* PROBLEM *
Verbatim copy, images omitted: return the full listing.

* AVAILABLE DATA *
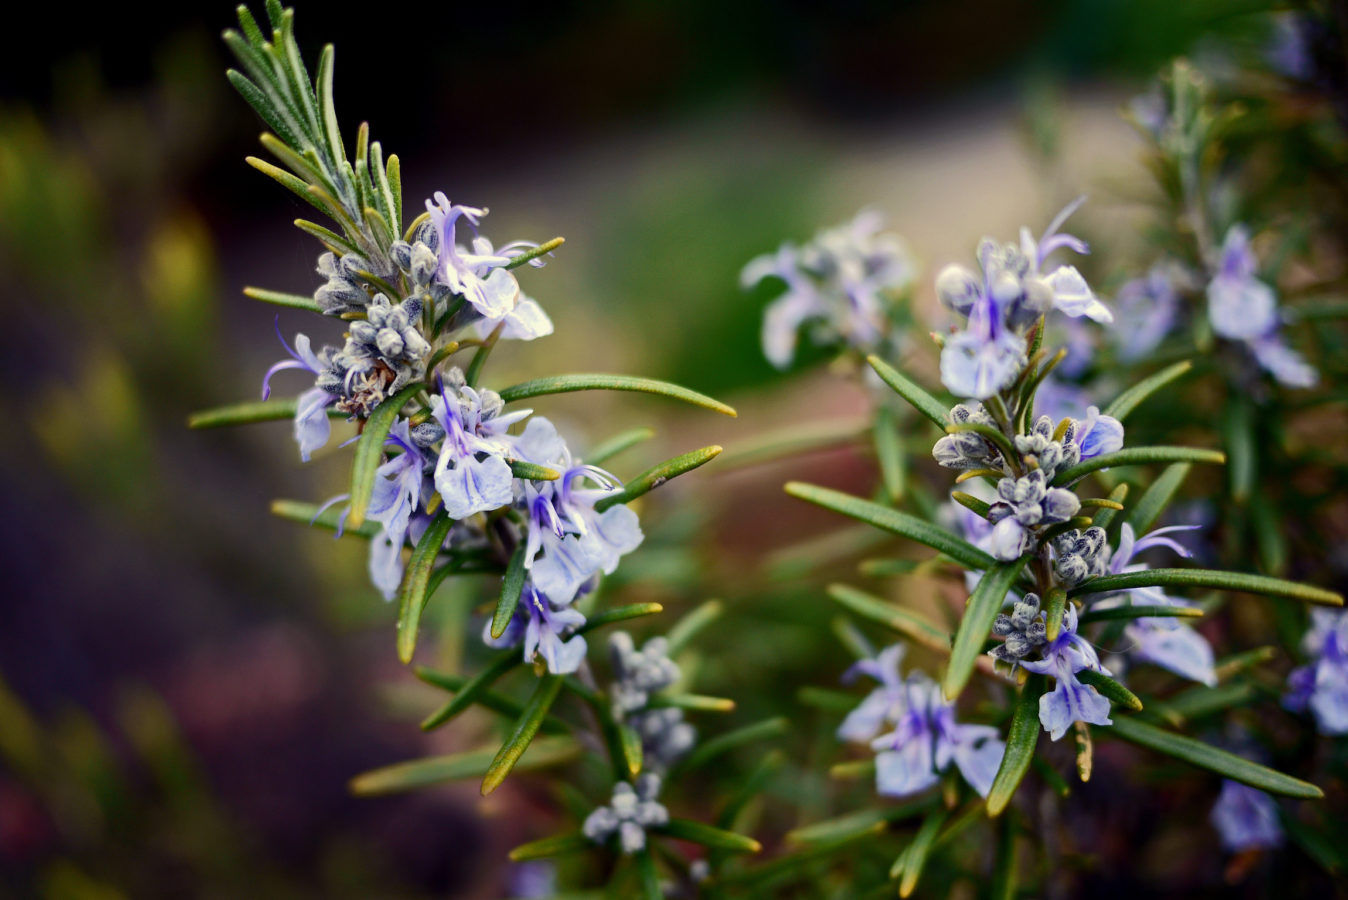 Rosemary oil is the latest hair care ingredient that’s viral on TikTok
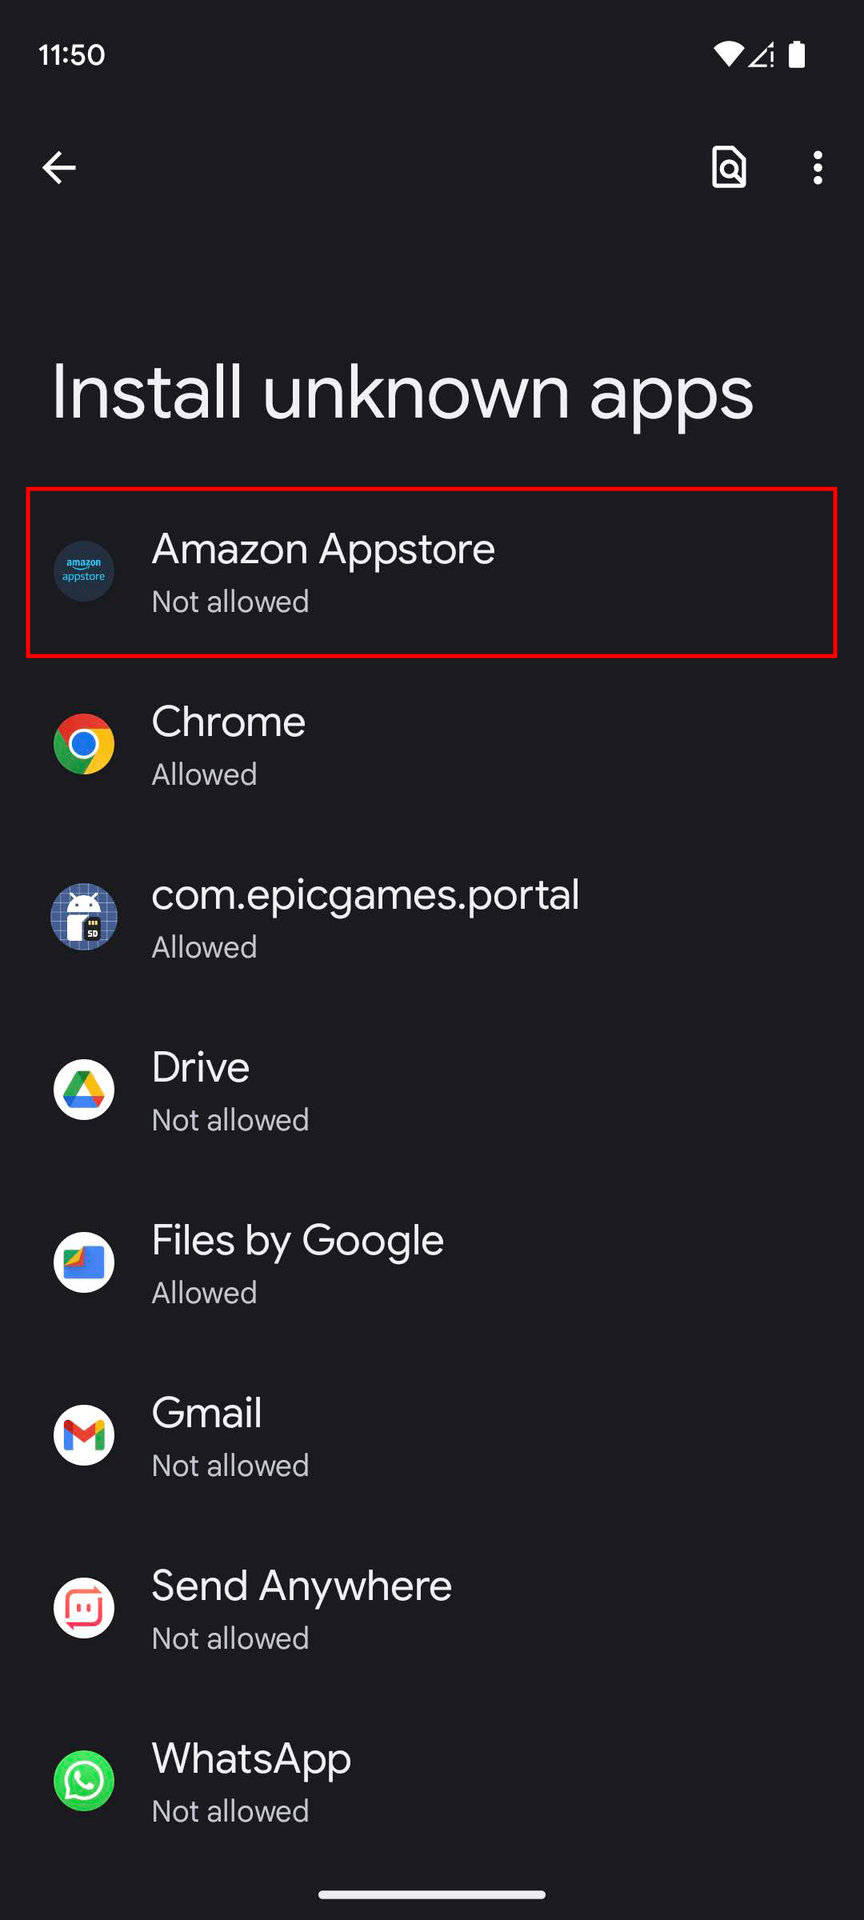 How to install apps from the Amazon App Store (2)
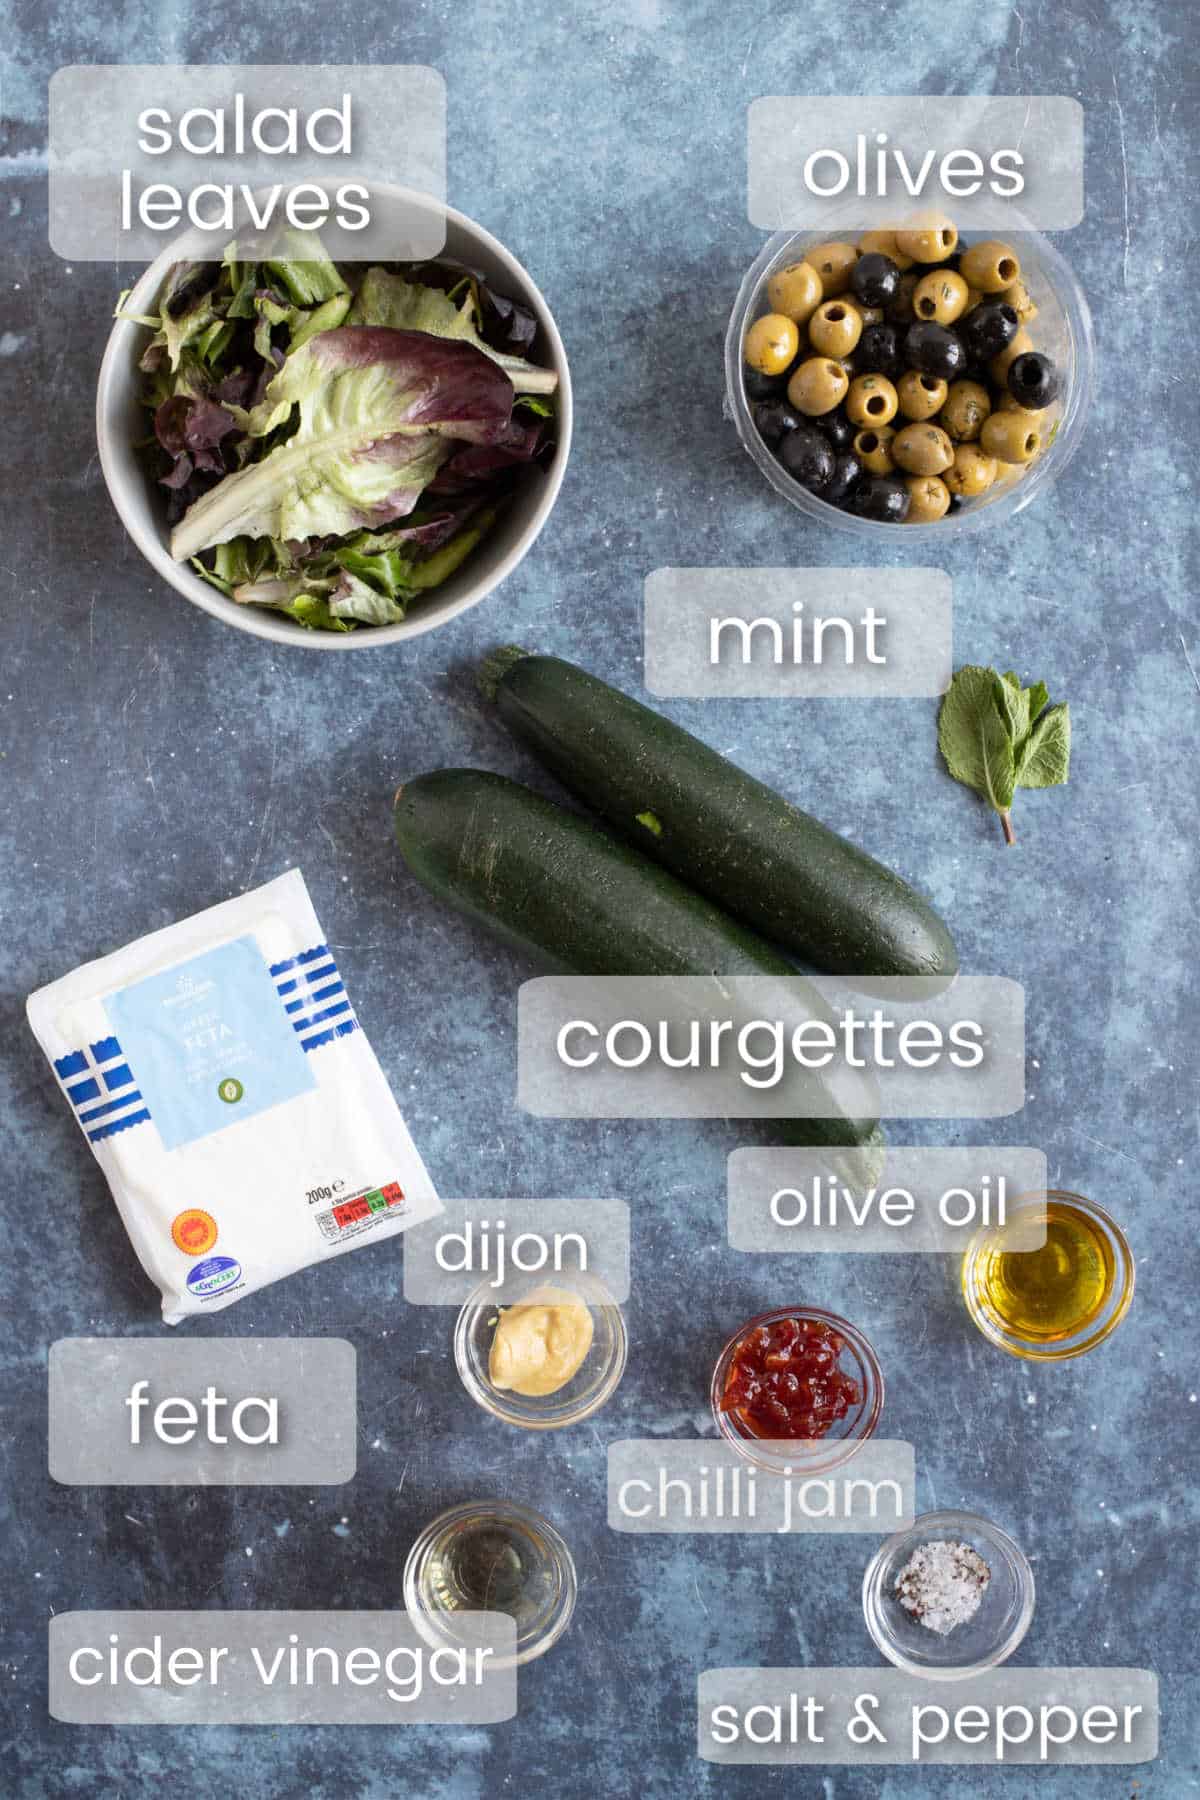 Ingredients needed for courgette feta salad.

* RESPONSE FOR THIS EXERCISE *
 Rosemary oil is the latest hair care ingredient that’s viral on TikTok
 How to install apps from the Amazon App Store (2)
 Ingredients needed for courgette feta salad.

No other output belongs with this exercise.